Düna (Fluss)

Düna (lett./litau. hist. Daugava, poln. hist. Dźwina, russ. Zapadnaja Dvina, weißruss. Zachodnjaja Dzvina)

Inhaltsverzeichnis

1 Geographie

Die D. entspringt in den russischen Waldaihöhen (Valdajskja vozvyšennostʹ), fließt durch das nordwestliche Russland, das nördliche Weißrussland und Lettland und mündet hinter Riga in die Ostsee. Sie durchquert dabei das russische Gebiet Tverʹ vorbei an den Städten Andreapolʹ und Zapadnaja Dvina, bildet hinter Zapadnaja Dvina bis hinter Kresty die Grenze zwischen den Gebieten Pskov und Tverʹ und durchfließt den äußersten Nordwesten des Gebietes Smolensk mit der Stadt Veliž. In Weißrussland berührt sie die Städte Suraž, Ruba, Vicebsk, Šumilina, Polack, Navapolack, Dzisna, Verchnjadzʹvinsk und Druja. Westlich und östlich von Druja bildet die D. die Staatsgrenze zwischen Weißrussland und Lettland, fließt über nach Lettland und dort entlang der Städte Krāslava, Daugavpils, Līvāni, Jēkabpils, Pļaviņas, Aizkraukle, Jaunjelgava, Lielvārde, Ogre, Salaspils und Riga. Die wichtigsten Zuflüsse sind Toropa, Mëža, Usvjača, Obalʹ, Dzisna, Drysa, Dubna und Aiviekste. Ihre Länge von der Quelle bis zur Mündung beträgt 1020 km. Ihr mittlerer Wasserabfluss an der Mündung beträgt 678 m³/s. Die Fläche des Flussbettes bedeckt 87.900 km².

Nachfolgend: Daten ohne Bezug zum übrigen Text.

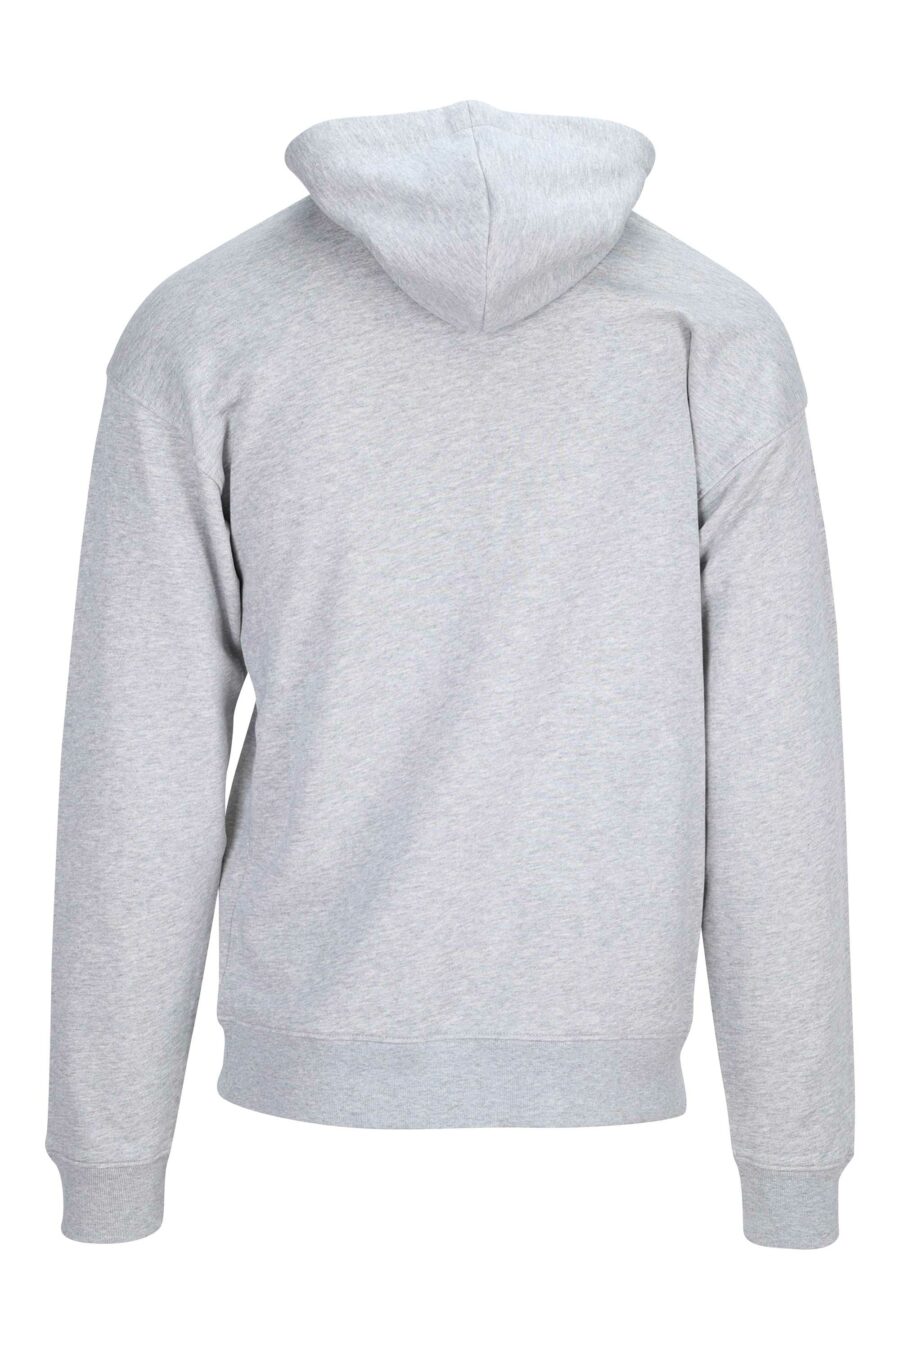 Grey hooded sweatshirt with logo "teddy tailor" - 667113124940 1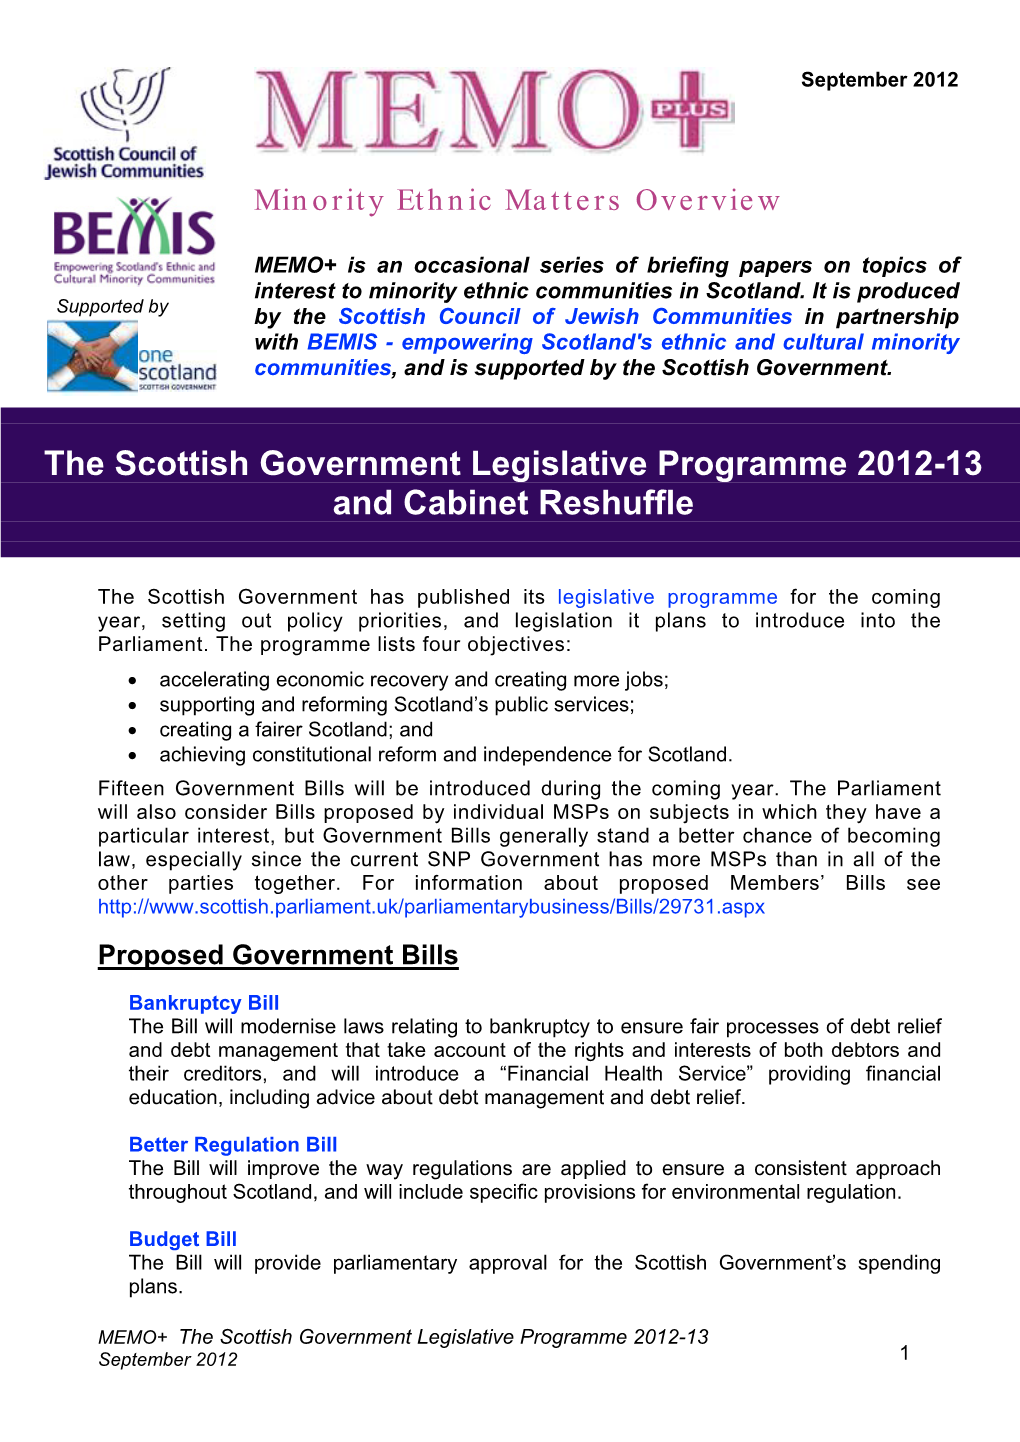 MEMO+ the Scottish Government Legislative Programme 2012-13 September 2012 1

In der D. leben rd. 50 verschiedene Fischarten. Die D. ist zum größten Teil schiffbar und leidet in Folge dessen, aber auch wegen zahlreicher industrieller Einleitungen und Ablagerungen (v. a. Schwermetalle) unter einer beträchtlichen Verschmutzung, die zu einer starken Konzentration von Algen geführt hat. Gleichzeitig ist die D. die wichtigste Trinkwasserressource der Stadt Riga und unterliegt seit einigen Jahren strengen Kontrollen.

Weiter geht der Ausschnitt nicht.